The July 2015 Budget changes to mortgage interest relief will, for some landlords, create significantly higher tax bills. This article explains what tax-planning options are available, and the benefits and issues of each.

Firstly, don't panic…
Landlords are currently able to offset all their finance interest against their rental profits, before calculating their rental profit and therefore tax bill. This will remain the case for the 2016 and 2017 tax years.
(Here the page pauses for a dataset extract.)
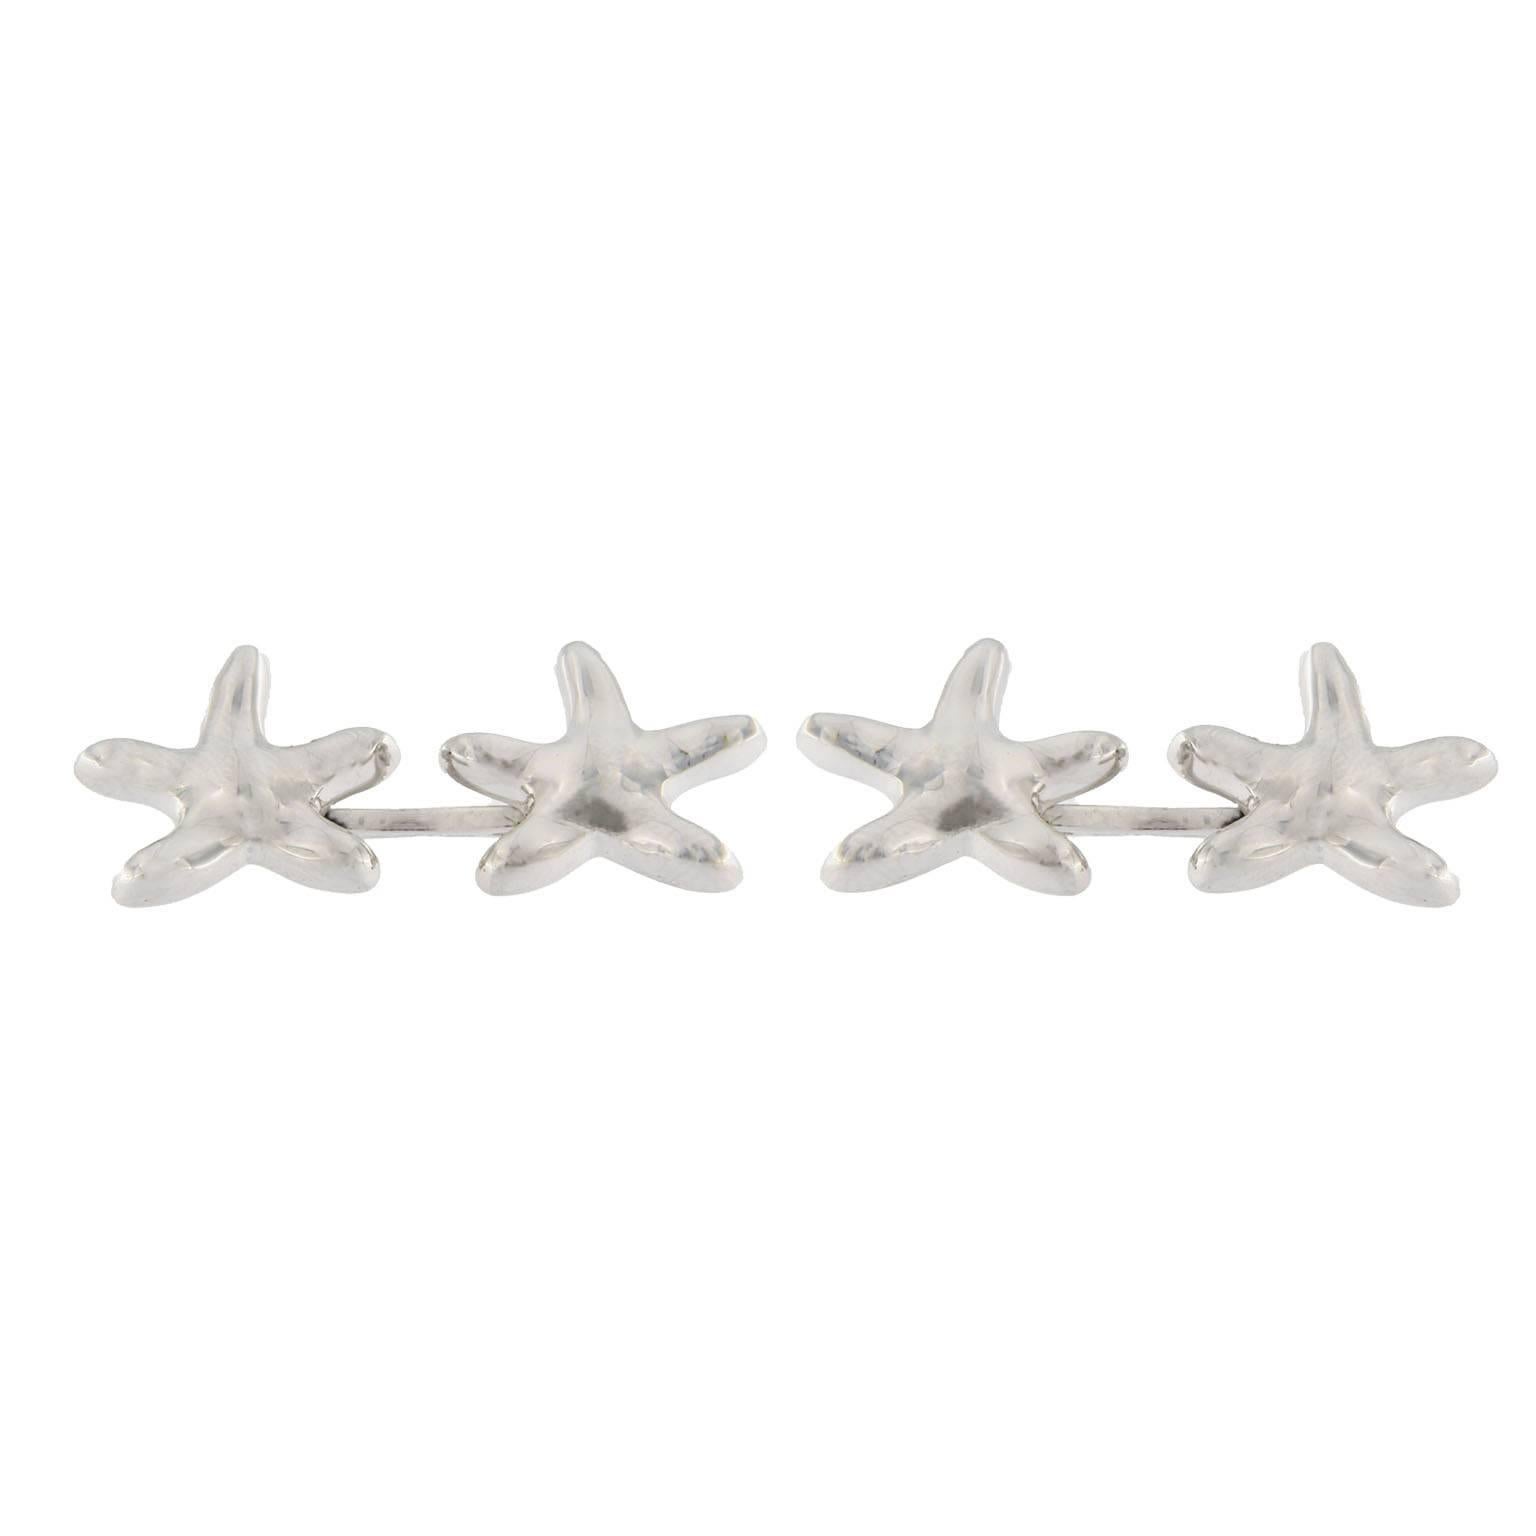 Jona Sterling Silver Starfish Cufflinks
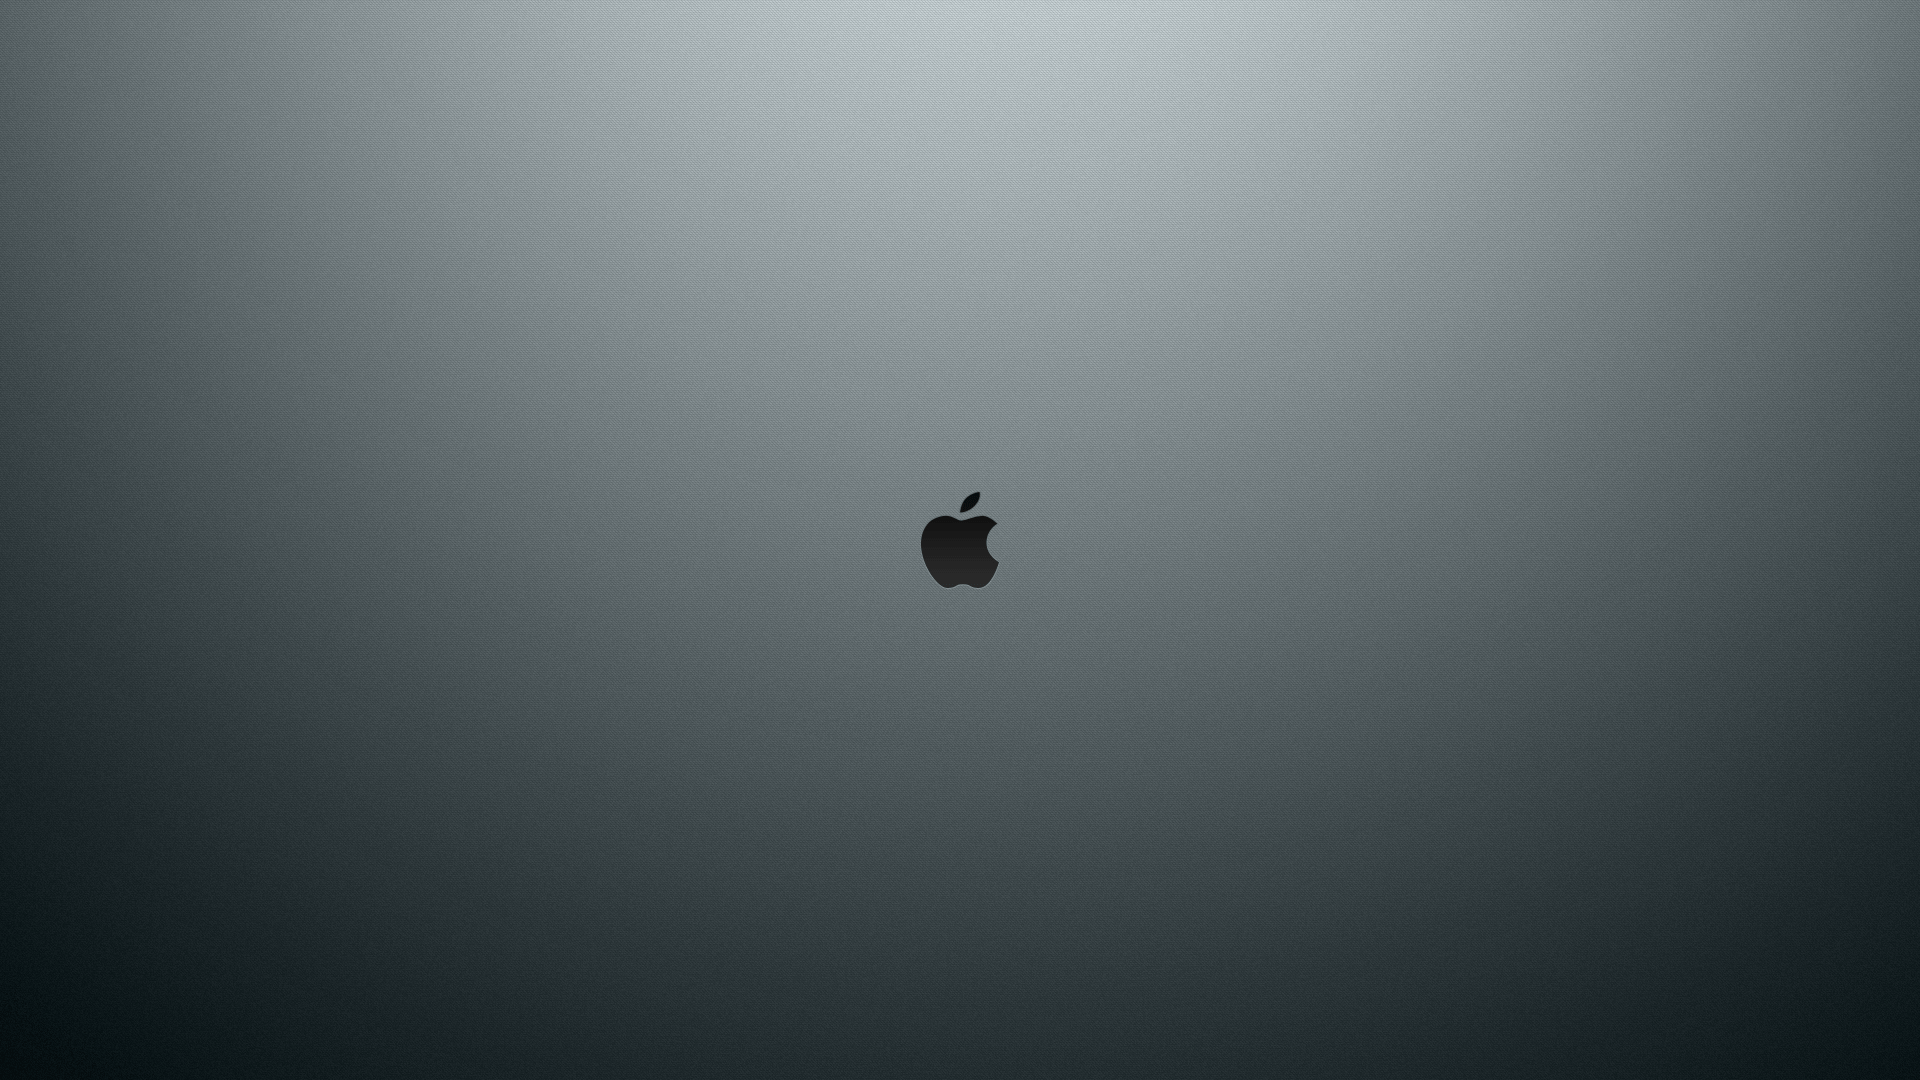 Just the Apple logo

Many landlords have not yet filed their 2015 tax returns, and so will be filing three years of tax returns (year ended 5 April 2015, 5 April 2016, 5 April 2017) before the impact of the mortgage interest changes are seen.  

This leaves almost two full tax years to plan for the mortgage interest relief 'new world', and even in the first tax year (2018) affected, the change is being phased in slowly i.e. this isn't a sudden 'Big Bang' immediate change.  
So the message is…now is the time to plan and put in place tax-planning options that are appropriate for your scenario - but knee-jerk reactions aren't required.

Options to reduce the impact of forthcoming changes to mortgage interest relief
Firstly, assess the extent to which you are affected by the changes - or log onto our website and use our Mortgage Interest Relief Calculator to run some calculations using your portfolio and income details. For those affected, either:
1. The changes push you - a Basic Rate taxpayer - into the Higher Rate band = so a 'medium' tax bill results (this is the category with the most people affected)
Or,
2. You are a Higher Rate taxpayer = and so 'high' tax bill results from the changes.